Co-host: "That's the reason why I sent it to you, it doesn't seem like it's being done ironically. They said that banning gay marriage was unconstitutional, and so this congressperson is a Republican, so it is kind of, like I said, a fight back against the courts declaring a gay marriage ban unconstitutional but it also just seems like he's saying we have to put every option on the table."

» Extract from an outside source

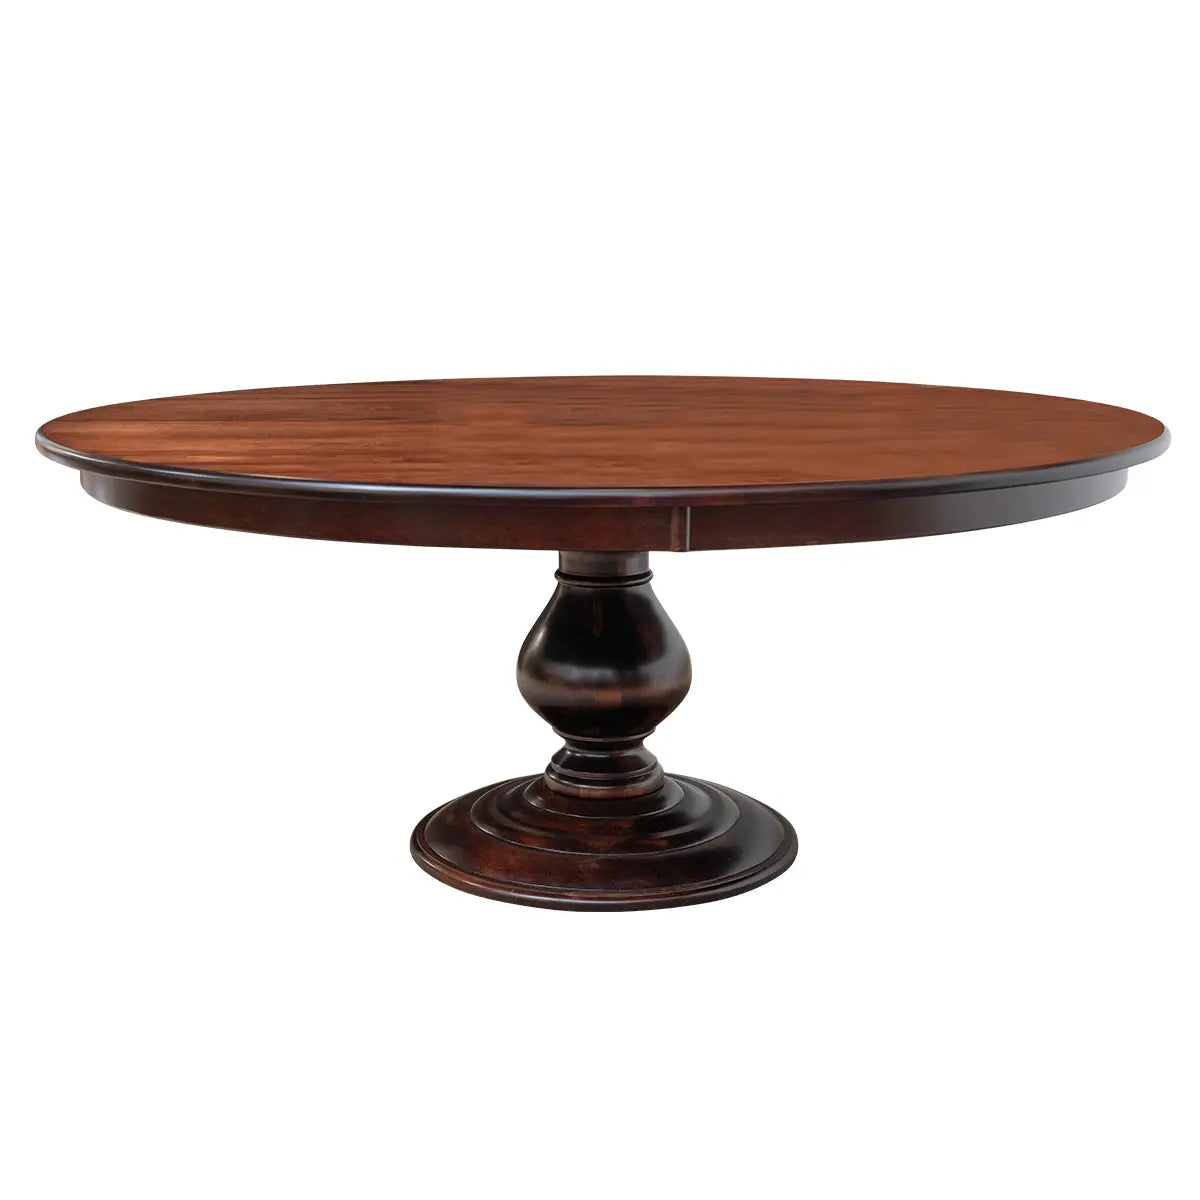 Foles Round Maple wood Pedestal Dining TAble

Penn: "Well, I would think that would be a great option. It's a huge step backwards to allow gay marriage and get more people wrapped up in this government sexuality, government relationship. It just seems insane. When marriage was first going to be the government's control, a lot of really important free thinkers - a lot of really important freedom fighters - fought against that really heavily. It's like everybody who is fighting for gay marriage now would have, 200 years ago, [been] fighting against government marriage to begin with. I don't see why you need to have the government make any sort of decision on that at all. And if you want to have a religious ceremony, and have that kind of stuff done, that seems great, it seems wonderful. It's a really good thing for churches to do, a really good thing for churches to do, but to take government marriage and call the same thing people who go to Vegas and kind of, for a goof, with Elvis, kind of get married, and then call that the really solemn ceremonies that happen in a church - to call those the same thing seems insulting to both parties.

"I am a real fan of the idea of pulling it back, but there's no way to do that. Now, all the stuff is including more, getting more people to be part of this government umbrella of government having to decide what marriage is. And then once government is involved in it, then all that stuff - you know, Teller's not married, I am married, and there's all sorts of tax breaks I get and yet my children - Teller pays for an awful lot of stuff for children, and he doesn't have children. It's just completely unfair. It seems like we could do this much better and much more real and honestly, easily."